-- ACTIVITY --
All of the data must be written out verbatim, with pictures excluded.

-- RAW DATA --

:::::

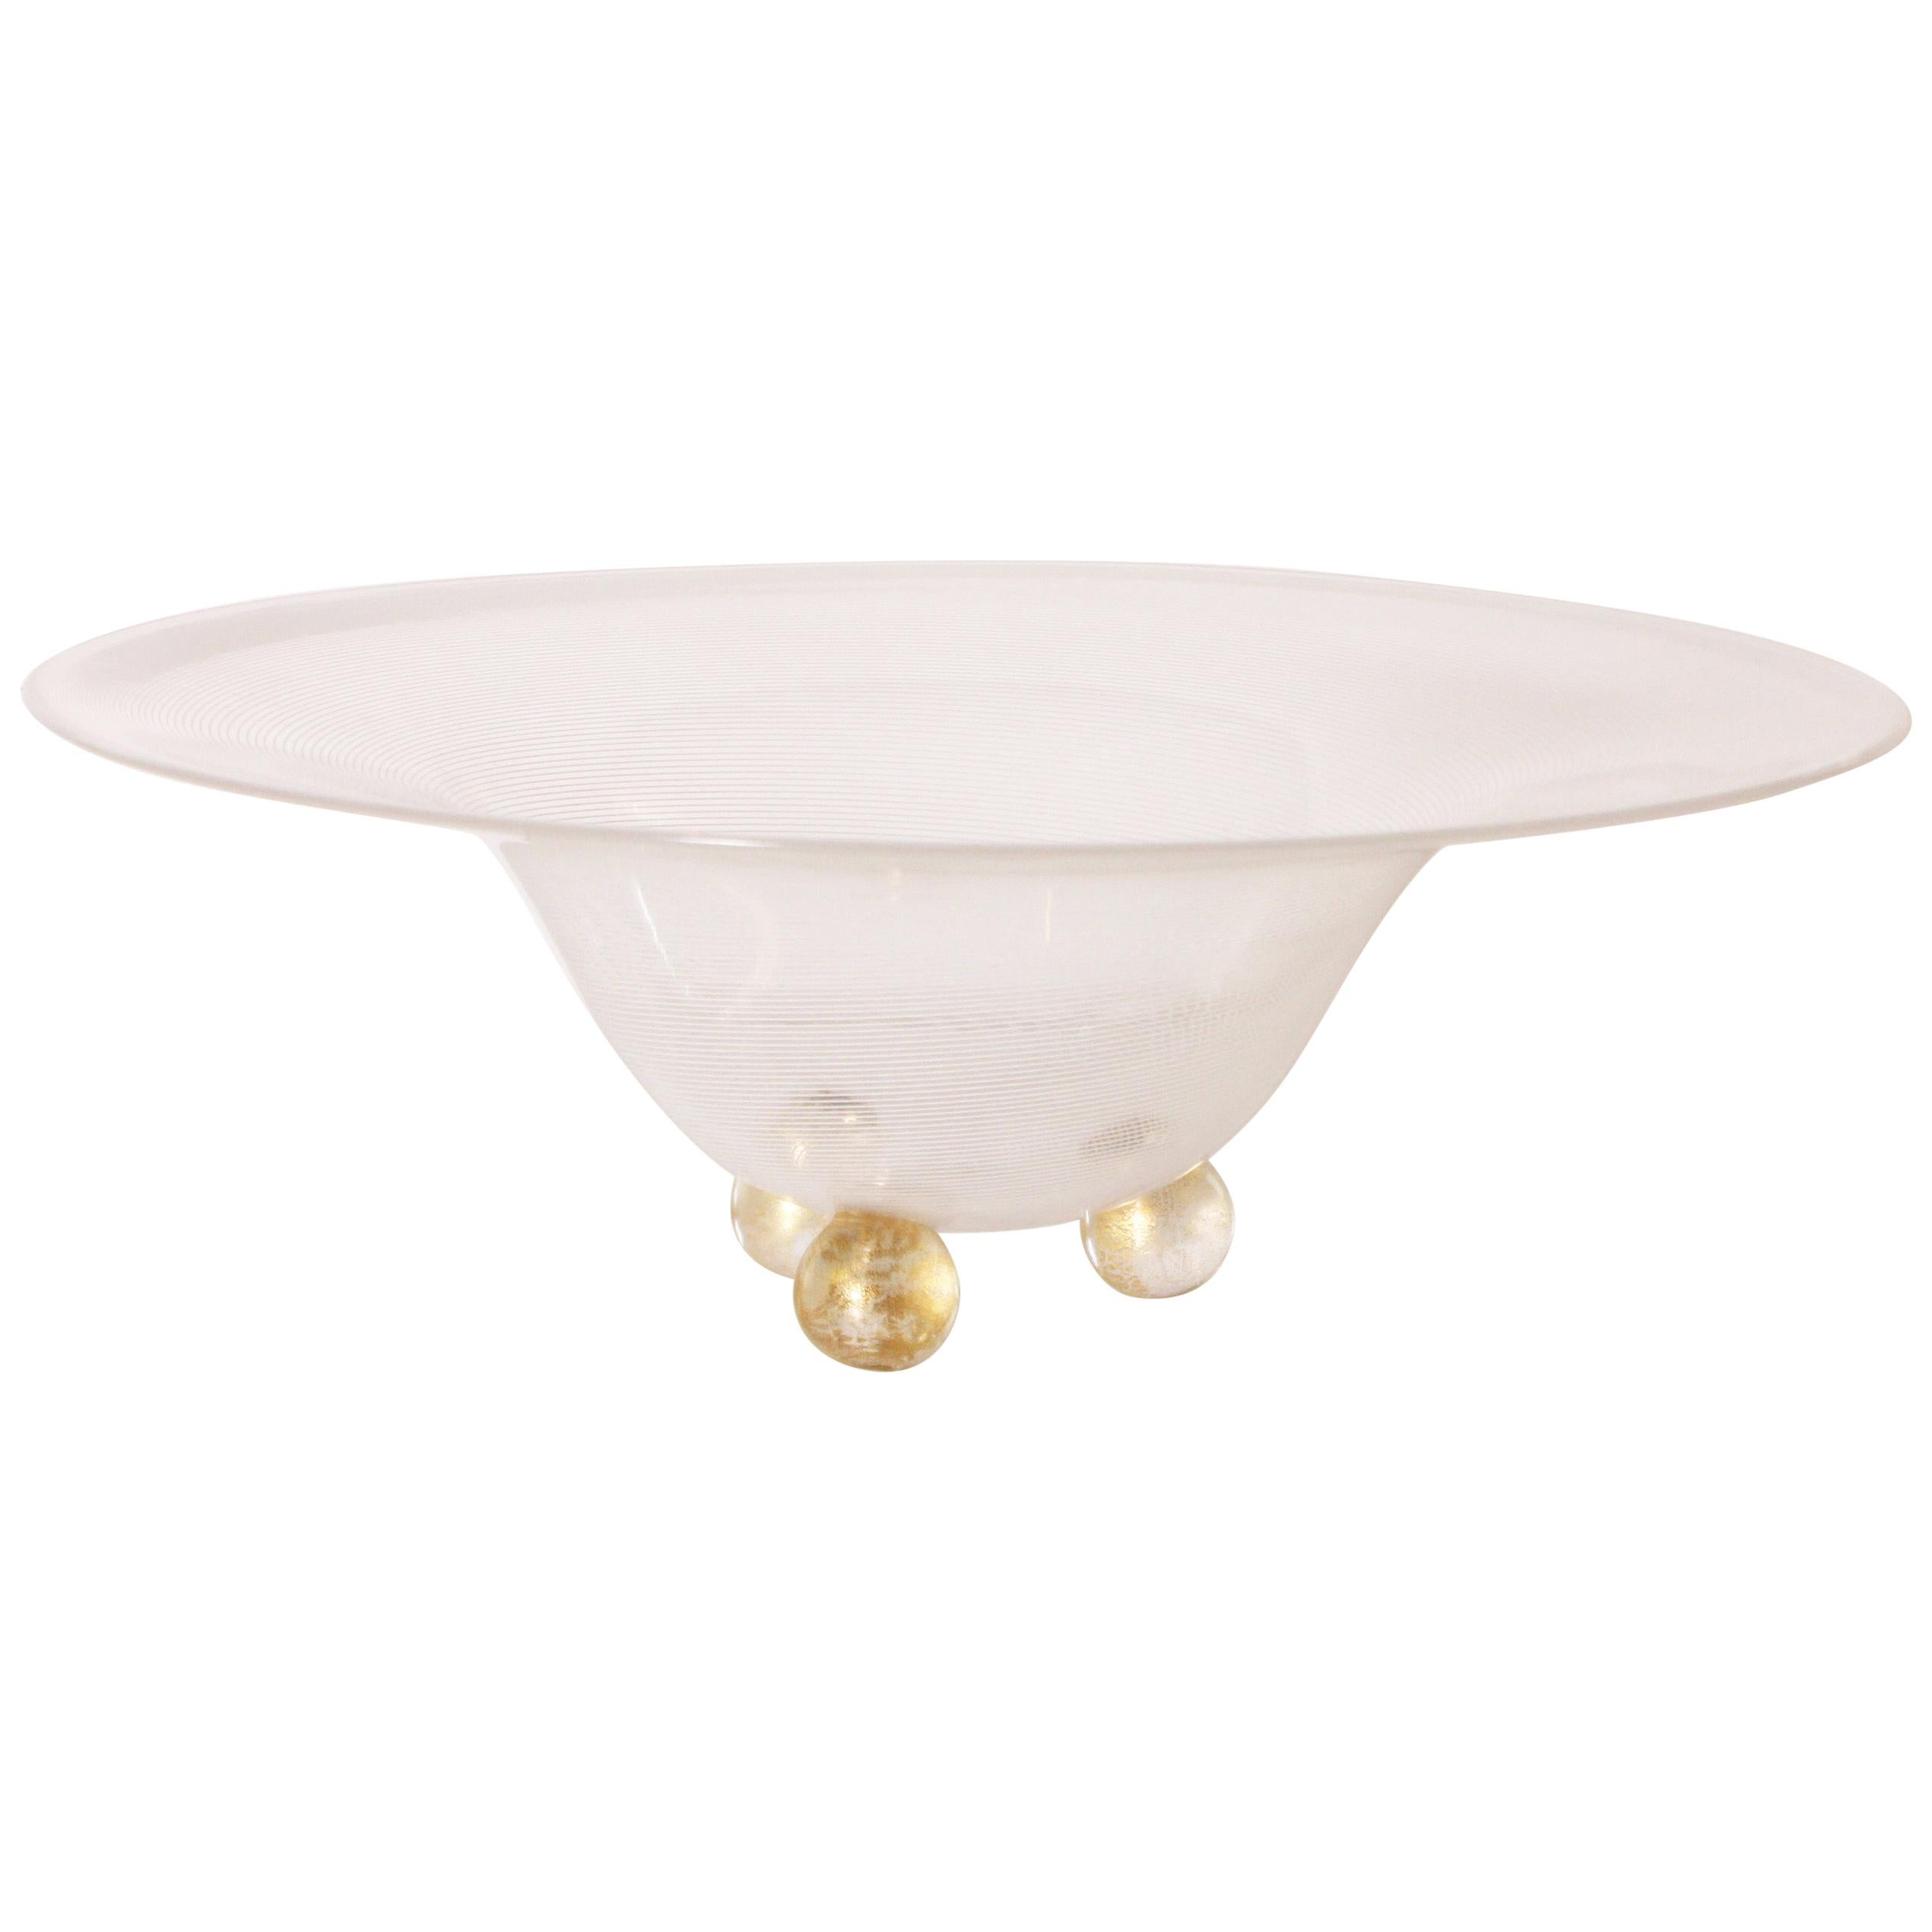 Cenedese Murano Bowl with 22-Karat Gold Inclusions, circa 1950
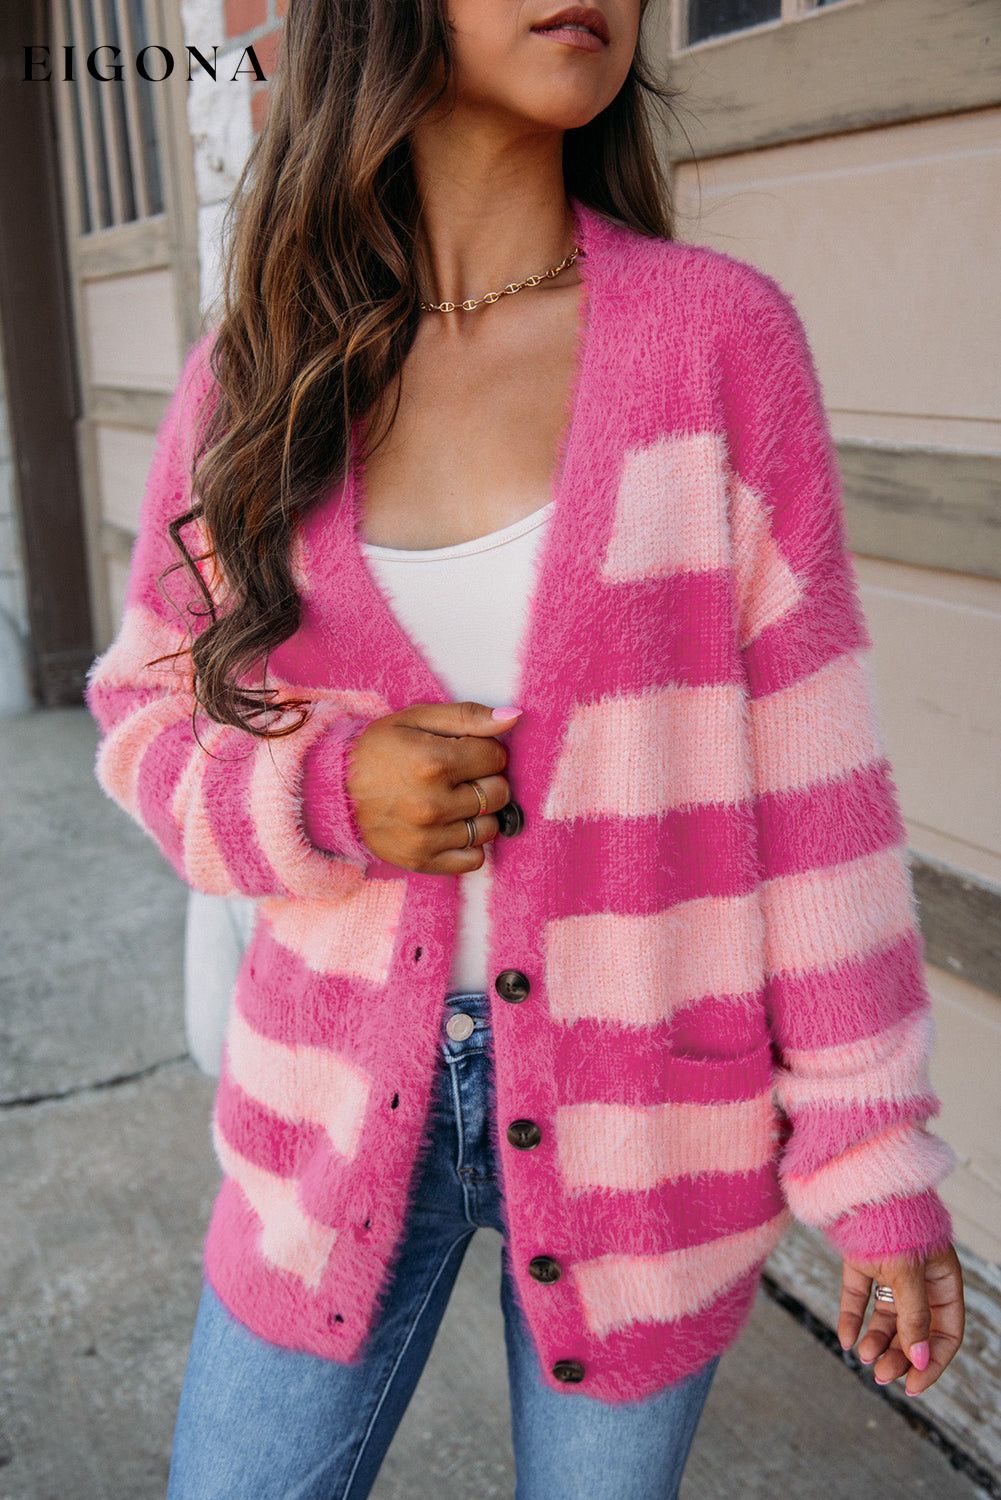 Strawberry Pink Colorblock Striped Buttoned Fuzzy Cardigan Sweater
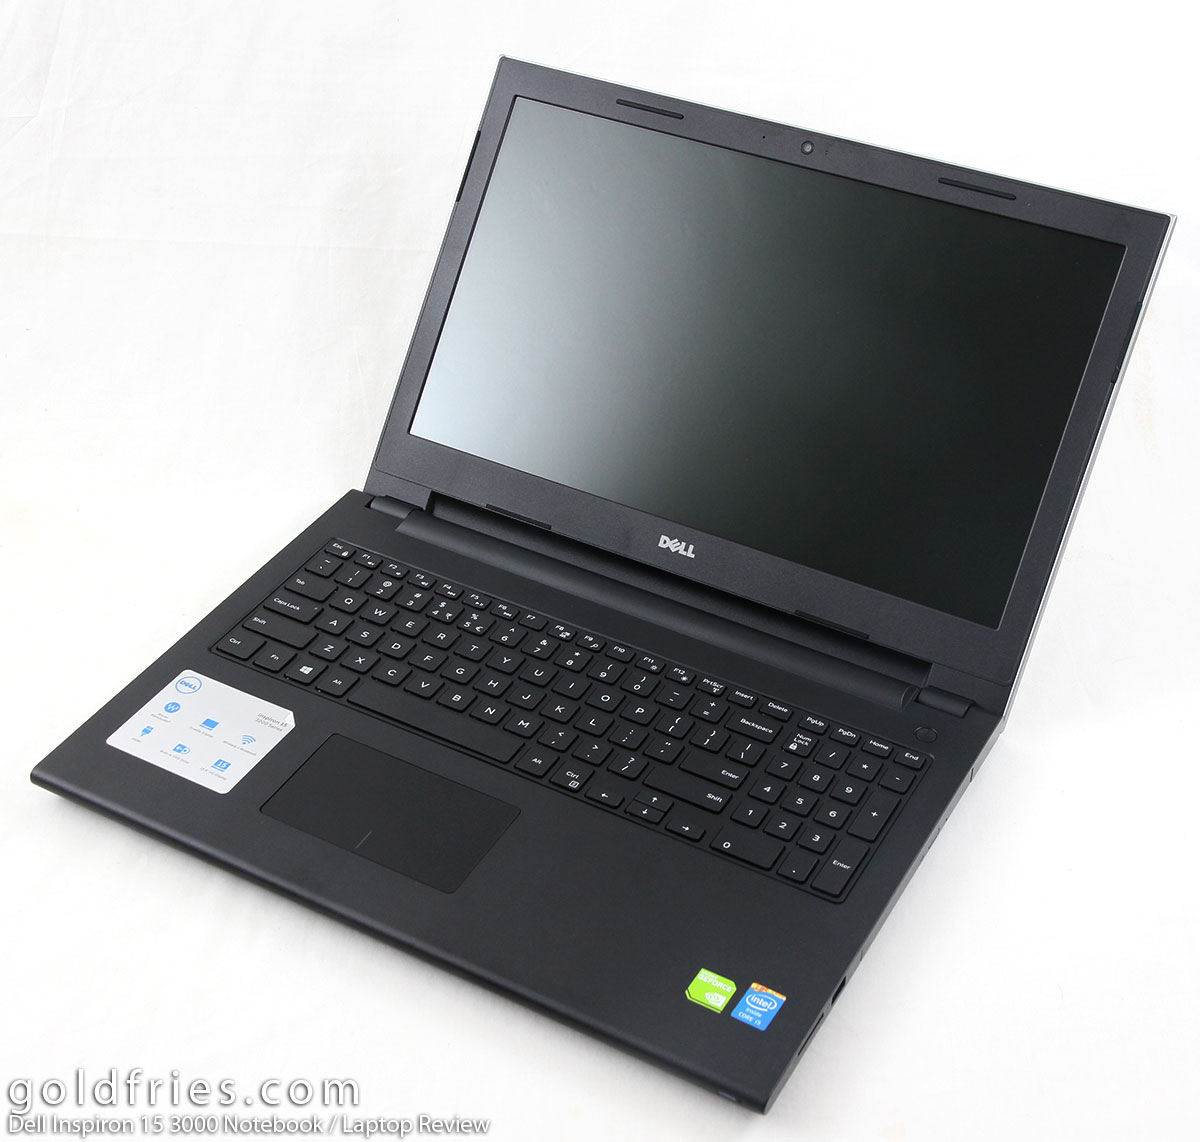 Dell Inspiron 15 3000 Notebook / Laptop Review goldfries

:::::

-- ANSWER BELOW --
 Cenedese Murano Bowl with 22-Karat Gold Inclusions, circa 1950
 Strawberry Pink Colorblock Striped Buttoned Fuzzy Cardigan Sweater
 Dell Inspiron 15 3000 Notebook / Laptop Review goldfries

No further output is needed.